No se trata sólo de Leopold Bloom, aunque la impregnación del Ulysses en la ciudad sea tan absoluta como para suplantarla; es el delator de Liam O’Flaherty dando tumbos por los callejones, son los perdedores de Behan atrapados entre los dos bandos de una guerra civil inacabable o, cómo olvidarlo, Gabriel Conroy mirando fijo a la muerte tras los visillos al final de The Dead. Son también, ecos de ecos, las voces de otros escritores de paso: el desconocido del macferlán que desde el entierro de Paddy Dignam se cuela en los delirios de Vila Matas, o el taxista que atormentó a Javier Marías con Seven Drunken Nights. Y es sobre todo la épica insidiosa de las canciones: en Grafton St, cada belleza morena que pasa es la reina de corazones a quien Kavanagh entregó el signo secreto y, si suena junto al Liffey la campana del ángelus, es difícil no imaginar las filas silenciosas de hombres armados que bajaron un día de Pascua through the foggy dew.
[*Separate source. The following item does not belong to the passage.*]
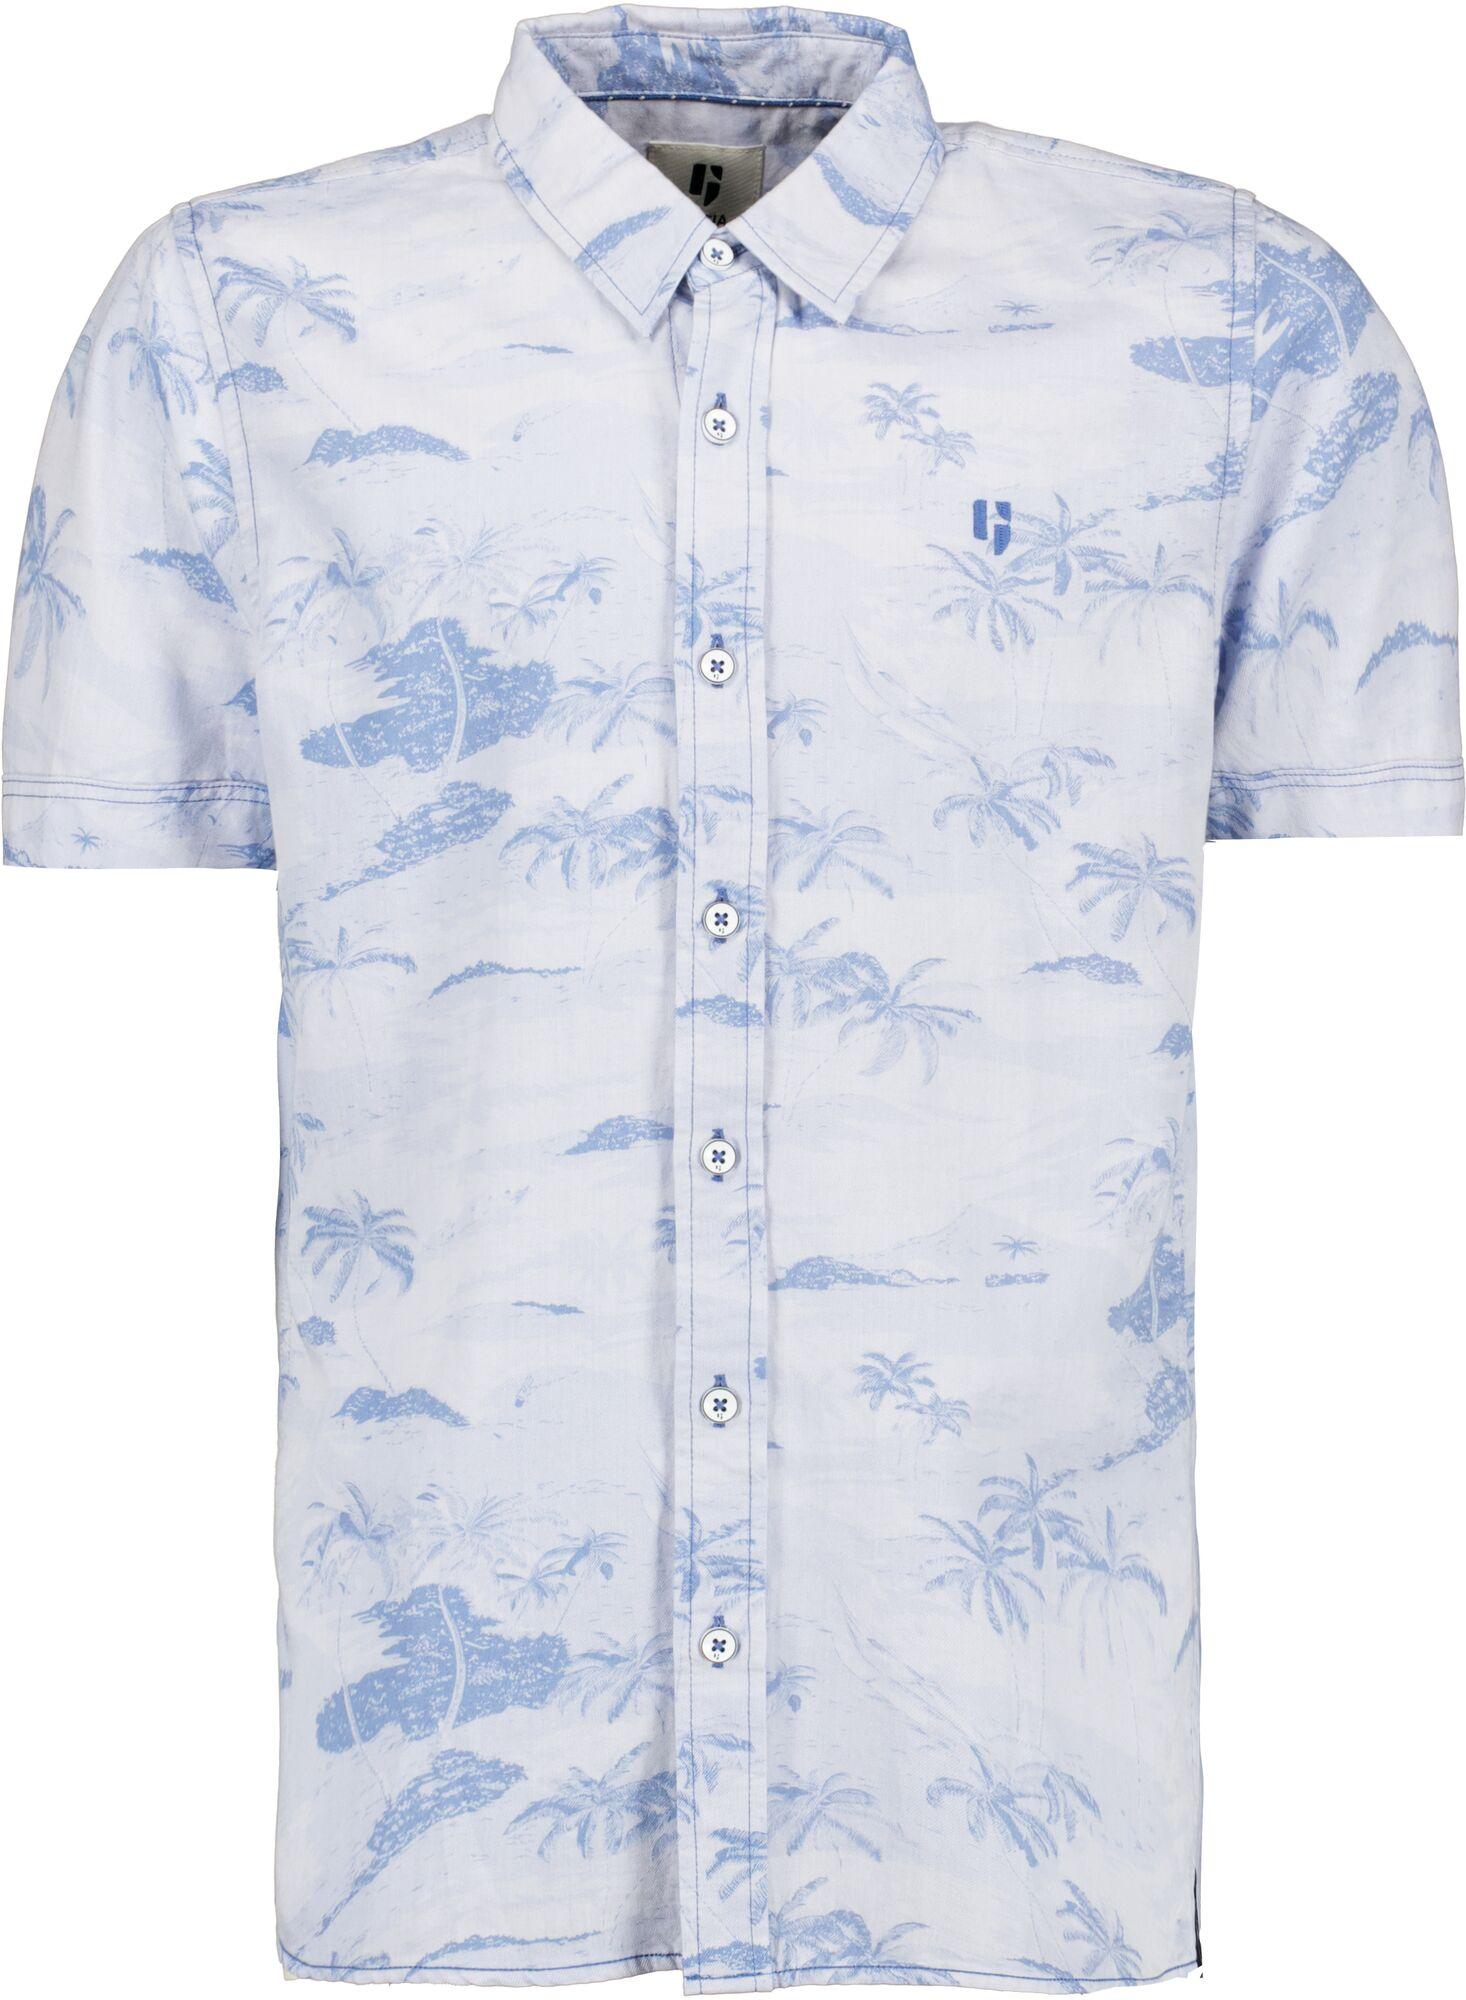 Garcia - Boys-Shirt s. sl.

Tampoco es cuestión de, por evitar mixtificaciones, cerrar los oídos a toda evocación y vaciar la mente de recuerdos, sino más bien de conseguir que la palabra escrita vibre, traslúcida y superpuesta, sobre la ciudad real. No debe ser tan difícil cuando la fiesta mayor consiste en vestirse de personajes de una novela y repetir sus andanzas, cuando los pubs están decorados con retratos de escritores, los premios Nobel se celebran como copas del mundo y el principal monumento es una maravillosa biblioteca.

Que la identidad literaria nacional se haya construido en inglés y no en el gaélico de los antepasados (presente sólo en rótulos oficiales, a pesar de las subvenciones) es algo que no deja en buen lugar a los mitos irredentistas. Hay que decir, sin embargo, que Irlanda ha conseguido impregnar la lengua del opresor de un sabor peculiar. Al viajero se le ocurre que son los nombres propios (Conan, Brendan, Declan; Sean, Finn, Liam) los que infiltran de brumas célticas y sones de arpa (Finnegan, Donnegan, Monahan) el inglés de la isla. De las sagas ancestrales (O’Hara, O’Meara, the green hill of Tara) a los retratos urbanos de Roddy Doyle (Kinsella, Costello, las torres Martello) una melodía común tan reconocible como el vozarrón de Van Morrison recorre (Meagher, Gallagher, Maher; Connolly, Reilly, Donnelly) un corpus narrativo asombrosamente compacto y autorreferente.

Dublín parece siempre enredada en el lamento del tiempo que se fue (the likes of them shall not be seen again). Ahora ronda el temor de que la ciudad amable, borrachuza y verborreica caiga sacrificada en la pira igualadora del mercado global. Los dublineses, ha escrito un columnista, han descubierto Ikea por culpa del euro. Antes podías pasarte la vida en el pub; ahora, con el precio a que se ha puesto la cerveza, nadie puede permitirse salir más que los viernes y no queda más remedio que redecorar. También en España vivimos esas zozobras para darnos cuenta al final de que uno no cambia así como así. Una ciudad donde los pubs no ponen música para no estorbar la conversación no va a dejarse transformar tan fácilmente. Pasarán euforias y crisis y Dublín seguirá siendo, melancólicamente bañada en cerveza e identidad, ese lugar envidiable y acogedor al que siempre apetece volver.